A marine structural material was well known to have high tensile strength, good weldability and proper corrosion resistance. Cu-containing high strength low alloy(HSLA) steel was recently developed for their purposes mentioned above. And the steel is free about preheating for welding, therefore it is reported that shipbuilding cost by using it can be saved more or less. However the marine structural materials like Cu-containing HSLA steel are being generally adopted with cathodic protection method in severe corrosive environment like natural sea water but the high strength steel may give rise to Hydrogen Embrittlement due to over protection at high cathodic current density for cathodic protection. In this study Cu-containing HSLA steel using well for marine atructure was investigated about the susceptibility of Hydrogen Embrittlement as functions of tensile strength, strain ratio, fracture time, and fracture mode, etc. and an optimum cathodic protection potential by slow strain rate test(SSRT) method as well as corrosion properties in natural sea water.

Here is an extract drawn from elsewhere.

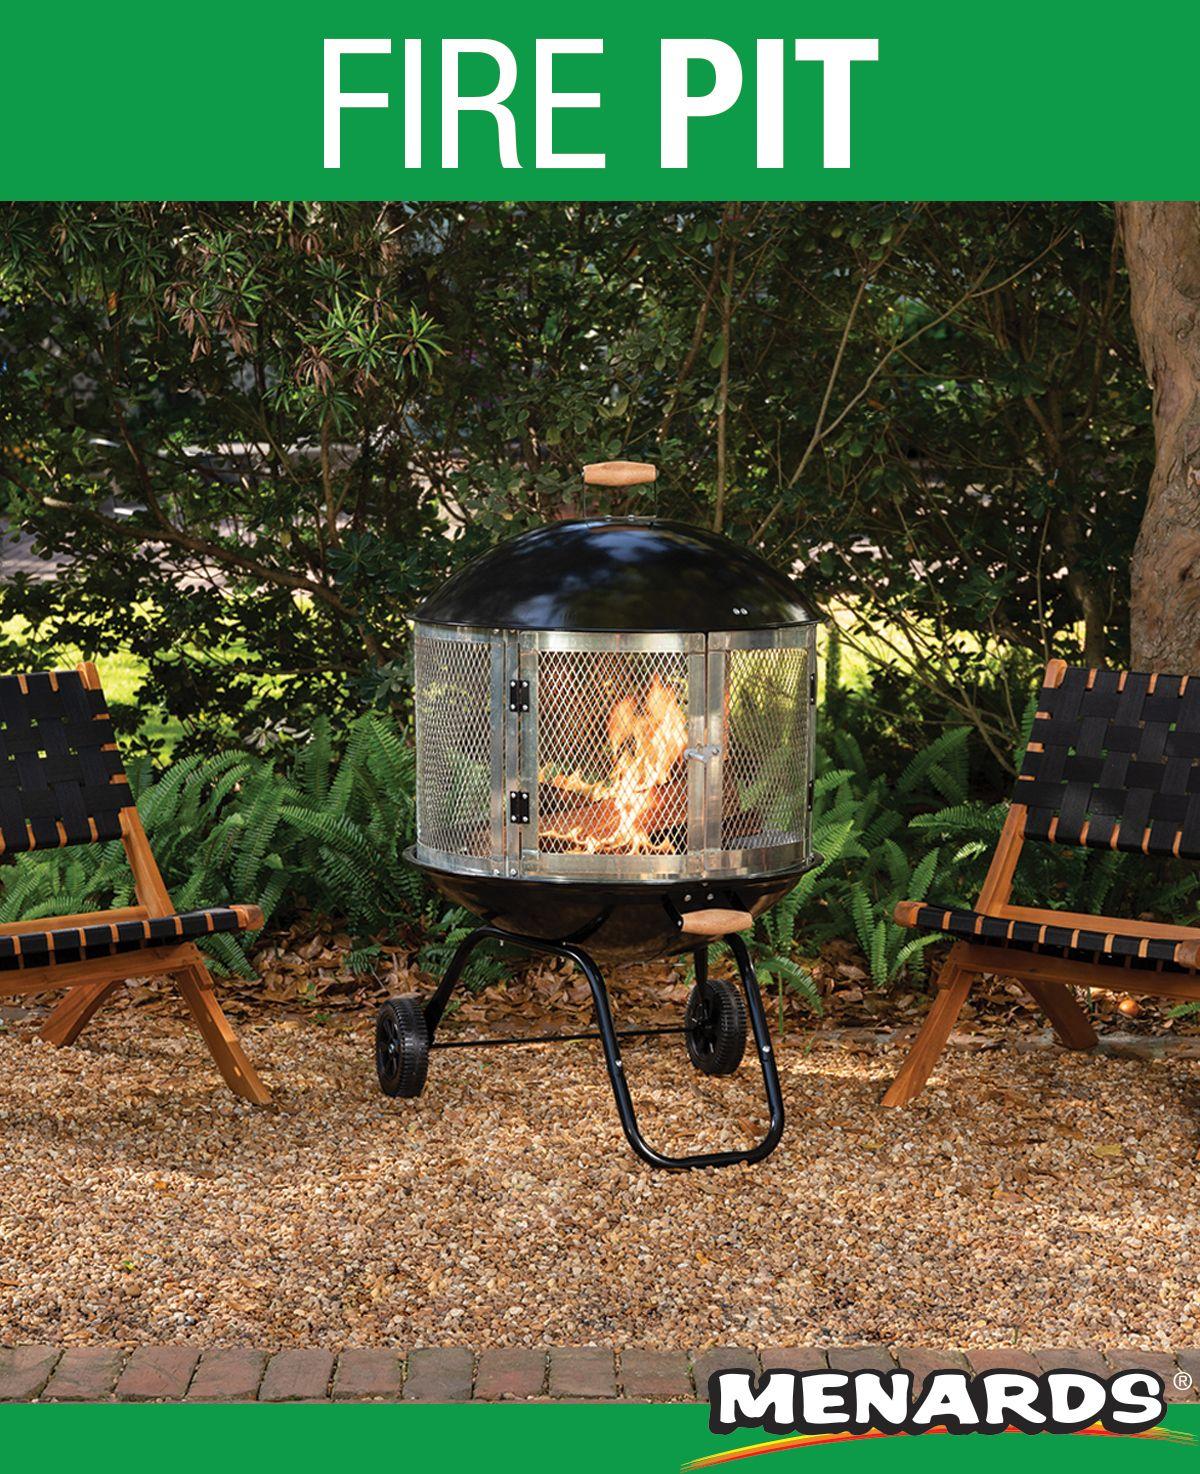 Backyard Creations 28 Portable Steel Fire Pit Backyard Creations Fire Pit Cover Fire Pit

And its corrosion resistance was superior to SS400 steel, but Hydrogen Embrittlement susceptibility of Cu-containing HSLA steel was higer than that of SS400 steel. However Hydrogen Embrittlement of its steel by SSRT method was showed with pheonomena such as decreasing of fracture time, strain ratio and fracture mode of QC(quasi-cleavage). Eventually it is suggested that an optimum cathodic protection potential not presenting Hydrogen Embrittlement of Cu-containing of HSLA steel by SSRT method was from-770mv(SCE) to - 900mV(SCE)under natural sea water.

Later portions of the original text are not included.